– Но… – начал было я, Рафферти пытался что-то объяснить, но я его не слышал. – Если у него… очередной приступ, для этого есть таблетки. Ему можно помочь…
За моей спиной скрипнула дверь, я обернулся. Вышел коренастый седой мужчина в зеленом хирургическом костюме, снял латексные перчатки.
– Вы с Хьюго Хеннесси? – уточнил он.
– Да, – ответил я. – Я его племянник. Что случилось? Он… жив?
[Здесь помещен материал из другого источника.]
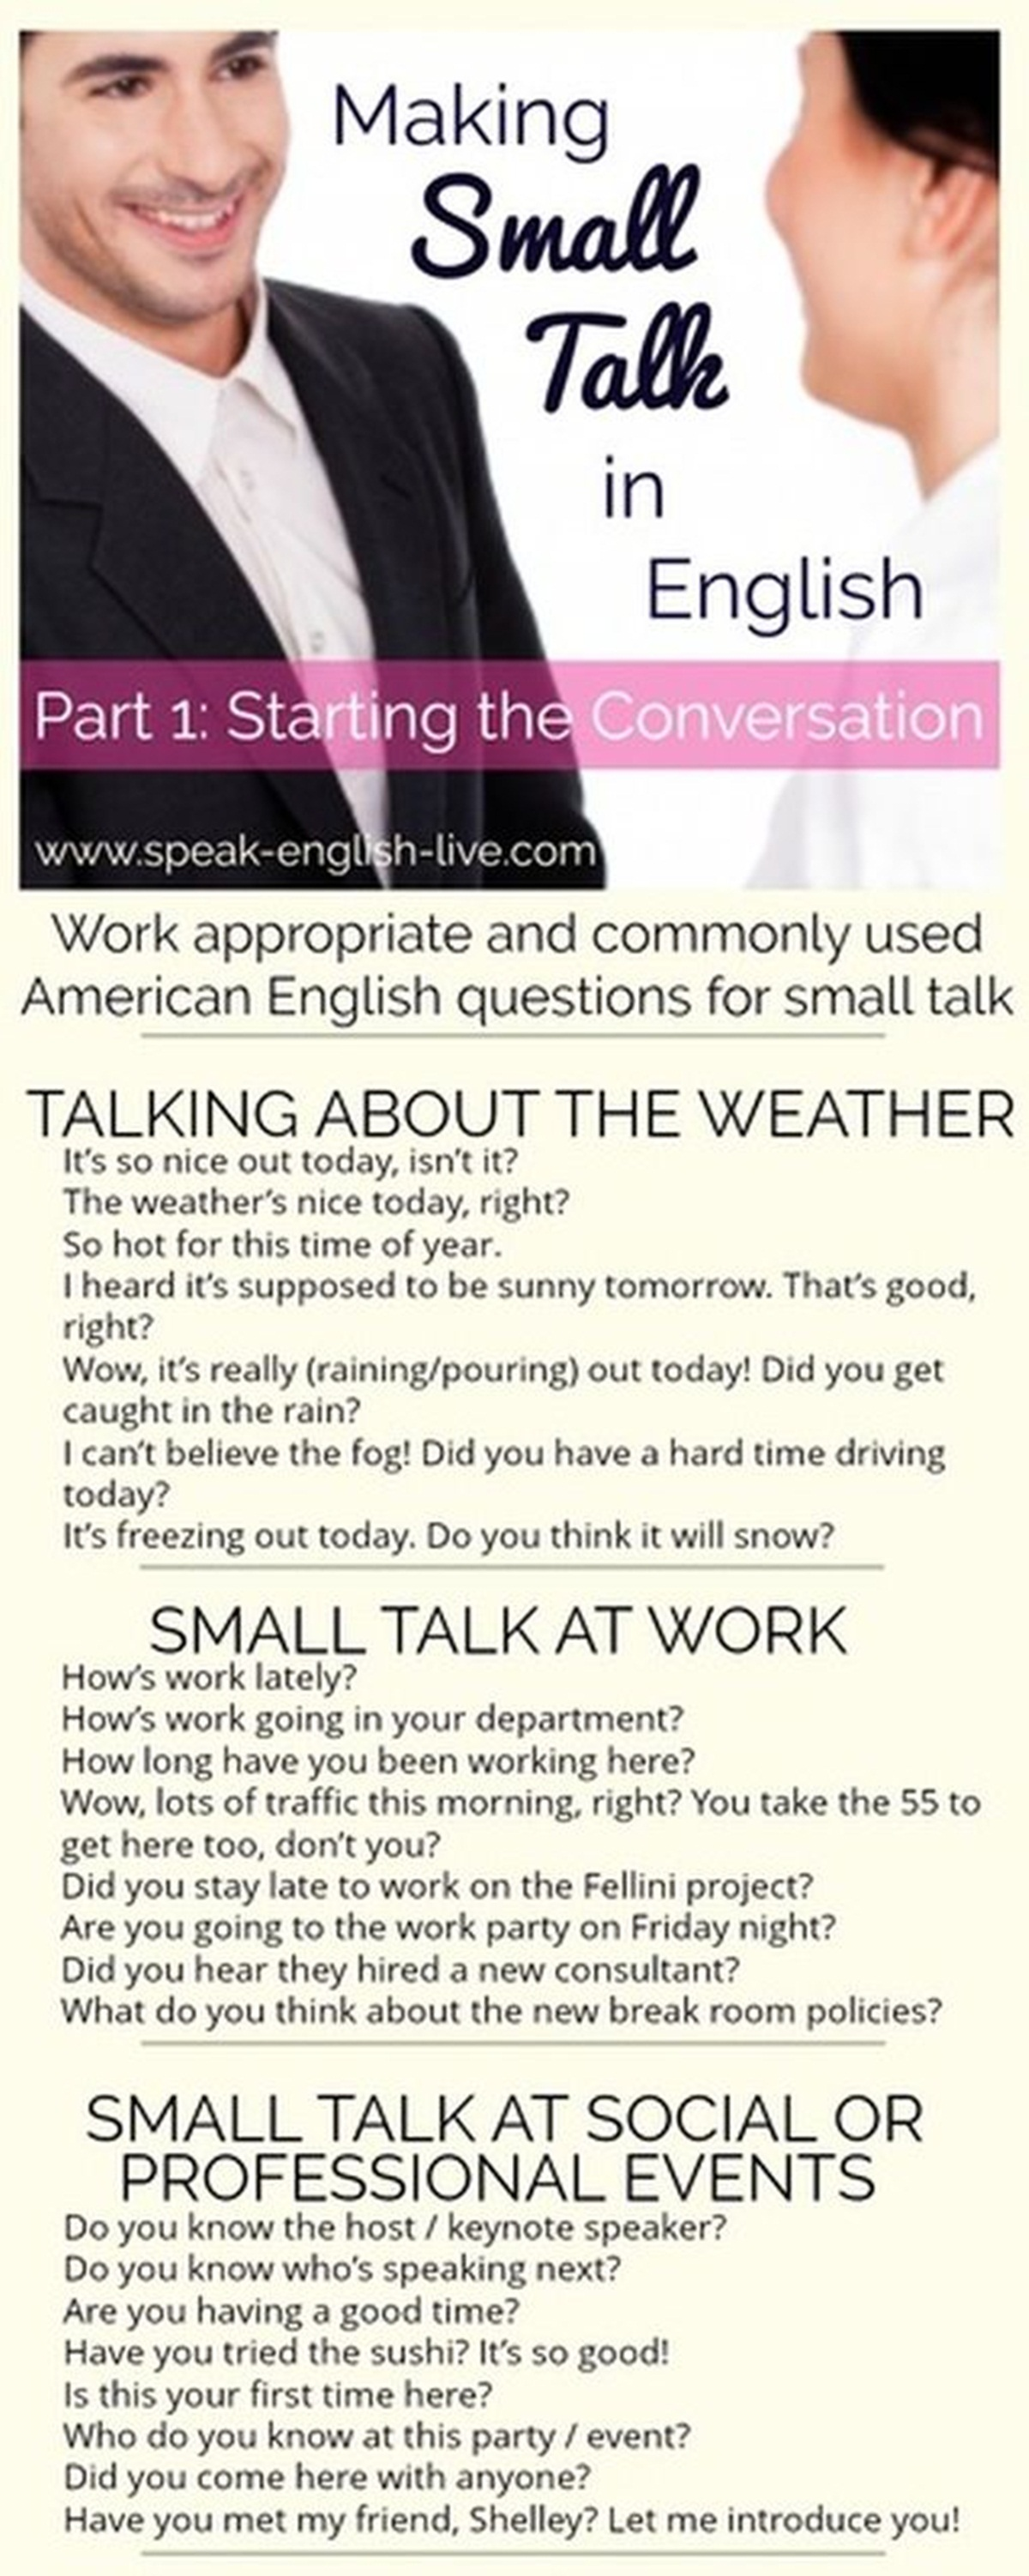 Making Small Talk in English 3
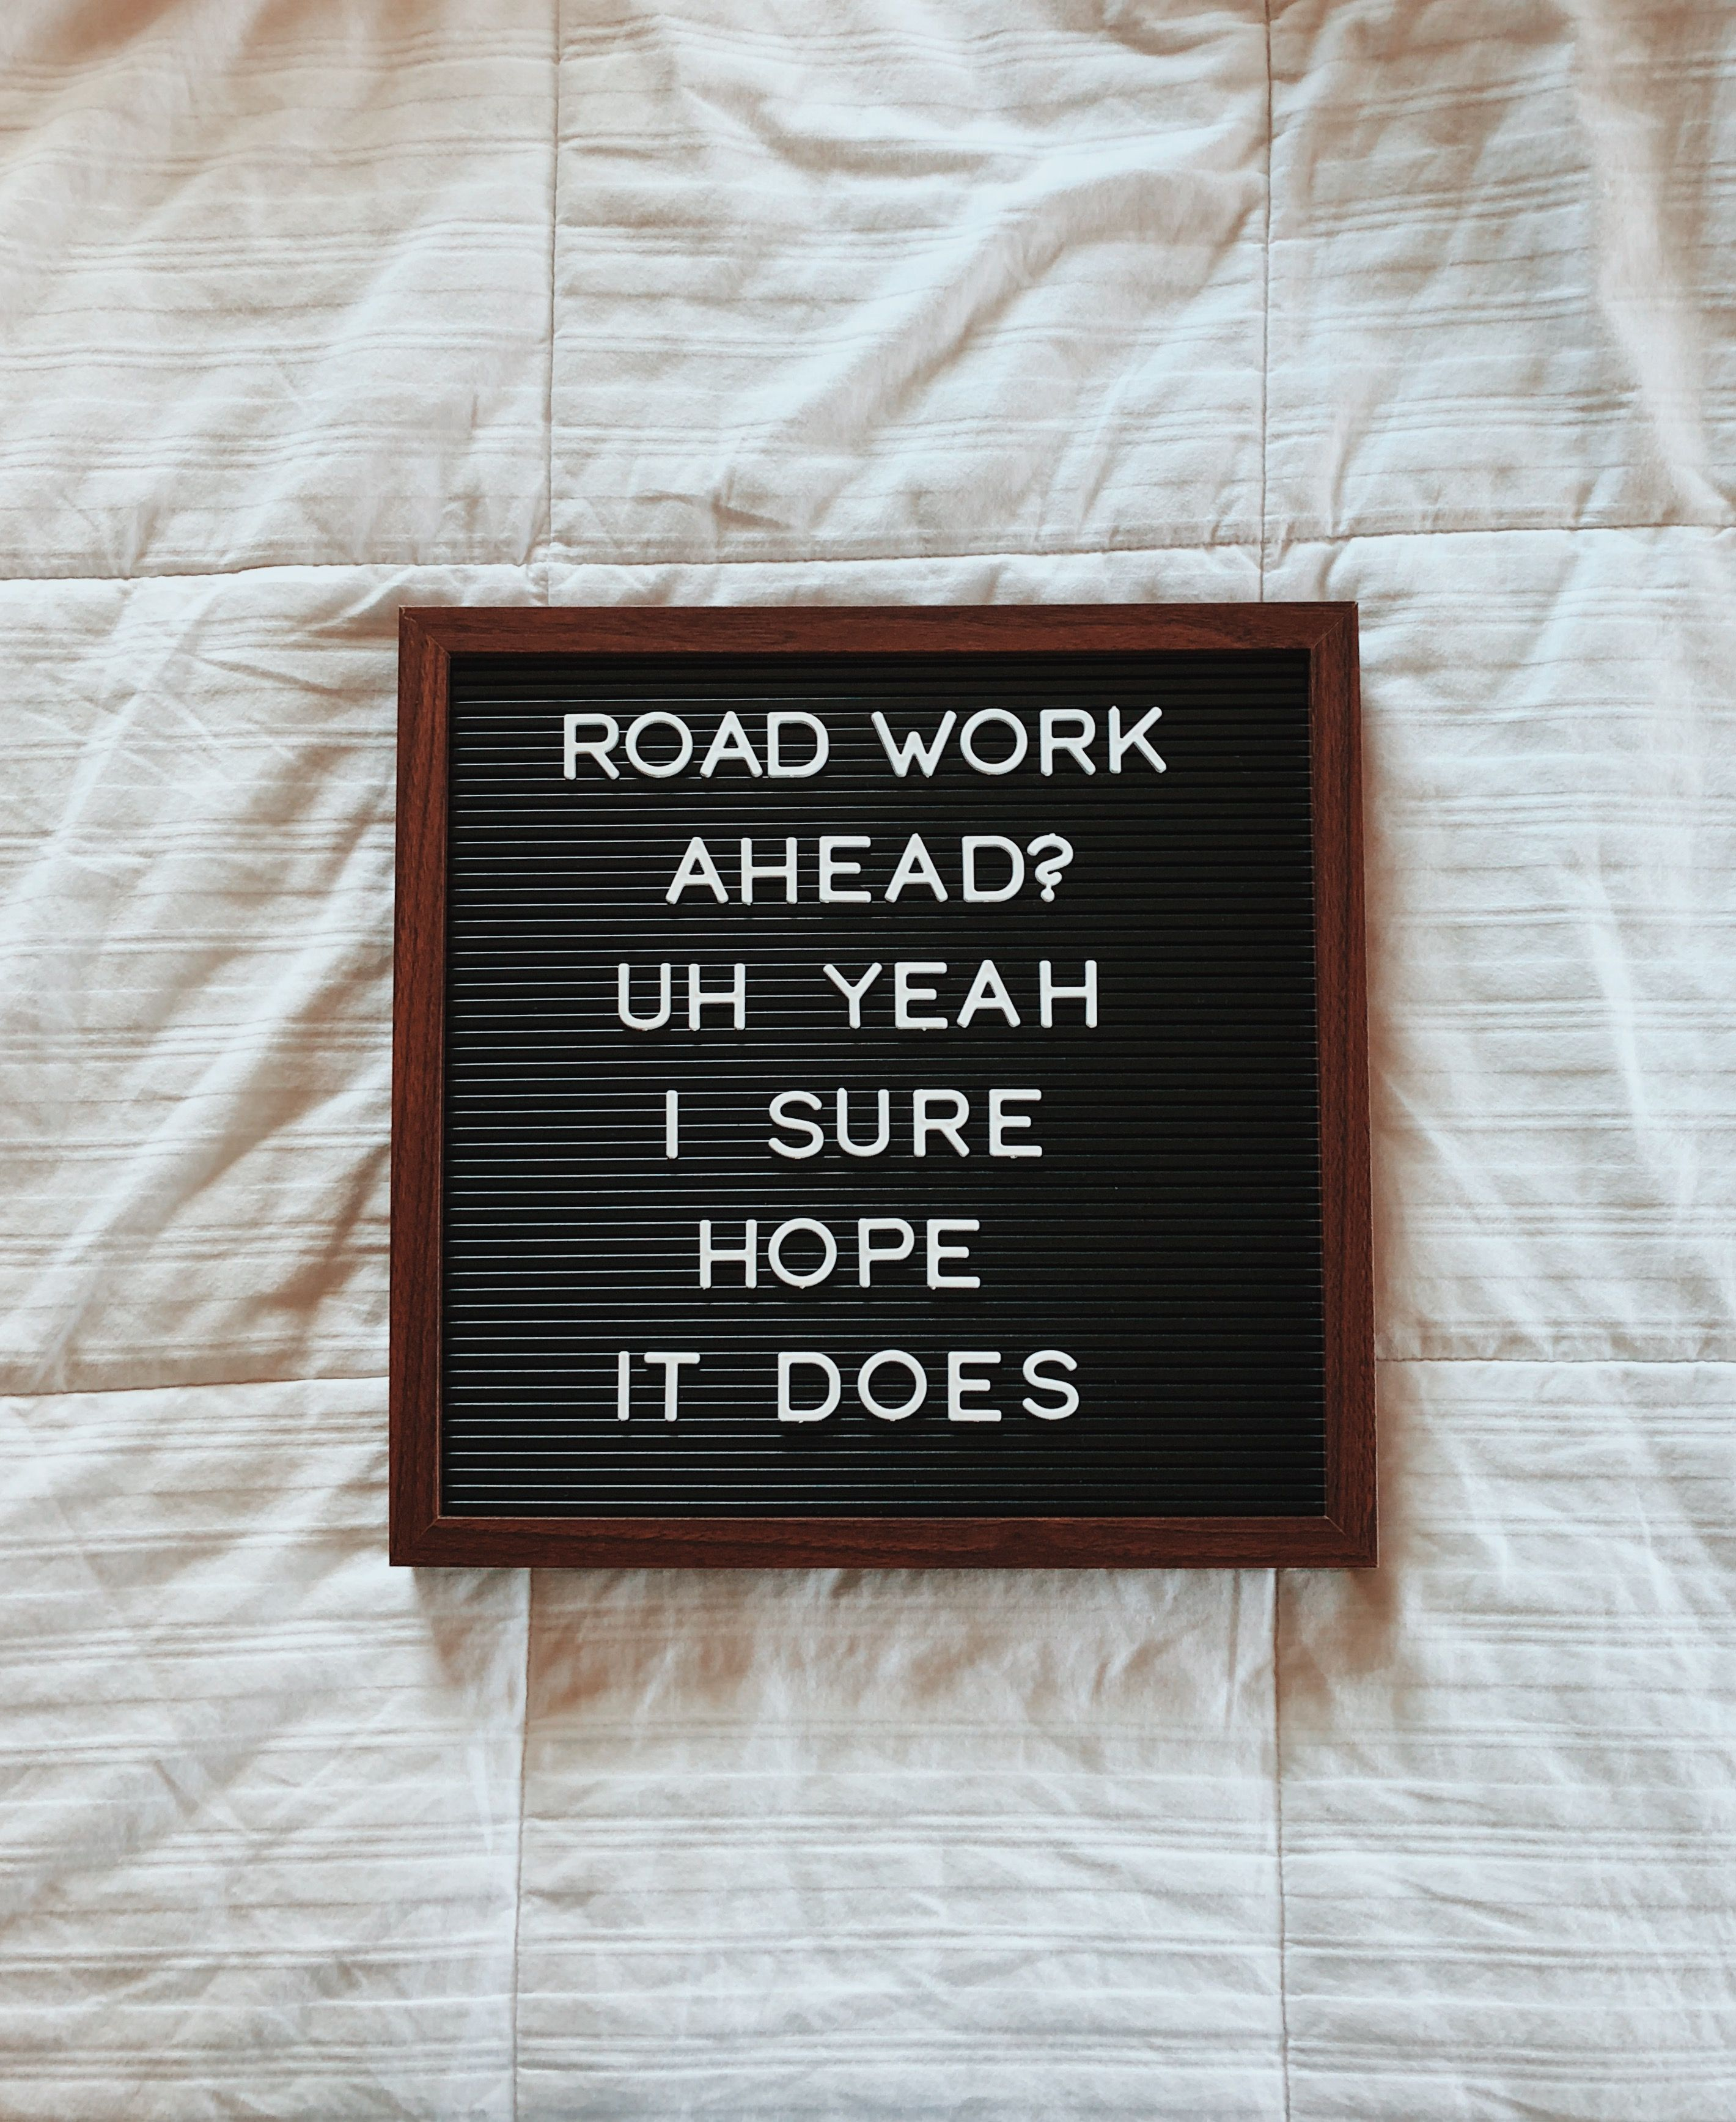 Road Work Ahead Vine Letterboard Room Decor Vine Quote Felt Letter Board Letter Board

Врач дождался, когда я к нему подойду. Лет шестидесяти, широкоплечий, при этом какой-то дряблый, однако же двигался самоуверенно, как профессиональный боксер, как будто остальные находятся здесь исключительно с его позволения. Скользнул по мне взглядом – набрякшее веко, приволакиваю ногу, – я лишь зубами скрипнул от такой бесцеремонности.
– Вы же знаете, что у вашего дяди опухоль мозга?
– Знаю. Ее обнаружили пару месяцев назад, кажется, в августе…
– У него было кровоизлияние в мозг. Это частый случай, опухоль ослабляет и разрушает ткани, и возникает кровотечение. Кровь создает давление на мозг. Поэтому он и потерял сознание.
– Он уже… – Сам не знаю, что я хотел спросить, то ли “Он уже пришел в себя”, то ли “Он уже умер”, но доктор продолжал говорить, словно меня тут и не было.
– Мы его стабилизировали. Кровоизлияние влияет на давление – у вашего дяди оно было очень высоким, – мы дали ему препараты для снижения давления. Ну а дальше будем наблюдать, посмотрим, как он будет себя чувствовать. Мы надеемся, что он скоро придет в сознание. Многое зависит от того, насколько поражен мозг.
Я наконец понял, кого мне напоминал этот врач, – тот козлина-невропатолог, когда я лежал в больнице, тоже пропускал мимо ушей все мои вопросы, будто бы я несу какую-то чушь, которая и внимания-то не стоит.
– Он… – “Поправится”, хотел сказать я, но это же глупо, Хьюго уже не поправится, но я не знал, что еще спросить.
– Нам остается лишь ждать и наблюдать, – врач тупыми короткими пальцами выбил код на панели у двери, – а сейчас можете его проведать. Вторая палата слева. – Он придержал дверь передо мной и Рафферти, пропустившим меня вперед, кивнул и направился прочь по коридору.
Густая вонь антисептика и смерти, где-то плачет девушка. В маленькой палате Хьюго было слишком жарко. Он лежал на спине, глаза чуть приоткрыты, и на мгновение меня охватила безумная надежда, но потом я заметил, что он совершенно неподвижен. Сероватая кожа на лице обвисла, черты заострились. Из него торчали трубки и провода, тонкие, гибкие, мерзкие; одна трубка шла из открытого рта, другая из костлявой руки, третья из-под простыни, ворот халата обвивали проводки. С разных сторон попискивают приборы, по экранам бегут яркие зигзаги, мелькают цифры. Жуткое зрелище, но я уцепился за него, как за последнюю надежду: если бы врачи махнули на него рукой, вряд ли стали бы подключать его ко всем этим штукам.